» Task
Without leaving anything out, print every line of the data.

┄┄┄┄┄┄

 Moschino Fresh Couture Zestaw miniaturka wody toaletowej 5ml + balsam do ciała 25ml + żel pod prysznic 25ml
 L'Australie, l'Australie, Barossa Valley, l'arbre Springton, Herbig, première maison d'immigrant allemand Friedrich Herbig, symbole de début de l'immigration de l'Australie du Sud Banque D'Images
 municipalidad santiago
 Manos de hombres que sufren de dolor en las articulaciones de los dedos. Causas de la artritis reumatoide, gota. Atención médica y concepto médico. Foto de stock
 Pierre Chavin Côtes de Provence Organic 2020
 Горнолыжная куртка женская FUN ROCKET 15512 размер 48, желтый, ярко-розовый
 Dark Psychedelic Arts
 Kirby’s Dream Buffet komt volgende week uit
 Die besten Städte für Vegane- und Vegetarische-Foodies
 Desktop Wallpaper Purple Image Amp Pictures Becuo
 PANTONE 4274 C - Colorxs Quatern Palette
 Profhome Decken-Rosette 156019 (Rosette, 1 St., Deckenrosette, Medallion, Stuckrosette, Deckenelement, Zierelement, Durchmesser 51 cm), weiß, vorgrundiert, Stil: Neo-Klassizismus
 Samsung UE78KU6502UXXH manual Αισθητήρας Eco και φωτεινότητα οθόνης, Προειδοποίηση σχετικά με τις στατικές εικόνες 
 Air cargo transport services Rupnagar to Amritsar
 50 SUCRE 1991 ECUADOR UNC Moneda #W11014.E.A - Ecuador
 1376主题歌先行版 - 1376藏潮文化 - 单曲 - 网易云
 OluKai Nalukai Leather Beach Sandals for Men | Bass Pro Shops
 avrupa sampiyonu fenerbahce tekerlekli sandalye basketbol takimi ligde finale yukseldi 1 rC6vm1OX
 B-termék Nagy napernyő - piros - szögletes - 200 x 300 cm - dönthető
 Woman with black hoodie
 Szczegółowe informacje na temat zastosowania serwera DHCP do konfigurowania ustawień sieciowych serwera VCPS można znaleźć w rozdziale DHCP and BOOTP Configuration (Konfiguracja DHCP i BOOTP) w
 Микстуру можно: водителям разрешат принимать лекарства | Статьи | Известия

┄┄┄┄┄┄

» Answer box
 Moschino Fresh Couture Zestaw miniaturka wody toaletowej 5ml + balsam do ciała 25ml + żel pod prysznic 25ml
 L'Australie, l'Australie, Barossa Valley, l'arbre Springton, Herbig, première maison d'immigrant allemand Friedrich Herbig, symbole de début de l'immigration de l'Australie du Sud Banque D'Images
 municipalidad santiago
 Manos de hombres que sufren de dolor en las articulaciones de los dedos. Causas de la artritis reumatoide, gota. Atención médica y concepto médico. Foto de stock
 Pierre Chavin Côtes de Provence Organic 2020
 Горнолыжная куртка женская FUN ROCKET 15512 размер 48, желтый, ярко-розовый
 Dark Psychedelic Arts
 Kirby’s Dream Buffet komt volgende week uit
 Die besten Städte für Vegane- und Vegetarische-Foodies
 Desktop Wallpaper Purple Image Amp Pictures Becuo
 PANTONE 4274 C - Colorxs Quatern Palette
 Profhome Decken-Rosette 156019 (Rosette, 1 St., Deckenrosette, Medallion, Stuckrosette, Deckenelement, Zierelement, Durchmesser 51 cm), weiß, vorgrundiert, Stil: Neo-Klassizismus
 Samsung UE78KU6502UXXH manual Αισθητήρας Eco και φωτεινότητα οθόνης, Προειδοποίηση σχετικά με τις στατικές εικόνες 
 Air cargo transport services Rupnagar to Amritsar
 50 SUCRE 1991 ECUADOR UNC Moneda #W11014.E.A - Ecuador
 1376主题歌先行版 - 1376藏潮文化 - 单曲 - 网易云
 OluKai Nalukai Leather Beach Sandals for Men | Bass Pro Shops
 avrupa sampiyonu fenerbahce tekerlekli sandalye basketbol takimi ligde finale yukseldi 1 rC6vm1OX
 B-termék Nagy napernyő - piros - szögletes - 200 x 300 cm - dönthető
 Woman with black hoodie
 Szczegółowe informacje na temat zastosowania serwera DHCP do konfigurowania ustawień sieciowych serwera VCPS można znaleźć w rozdziale DHCP and BOOTP Configuration (Konfiguracja DHCP i BOOTP) w
 Микстуру можно: водителям разрешат принимать лекарства | Статьи | Известия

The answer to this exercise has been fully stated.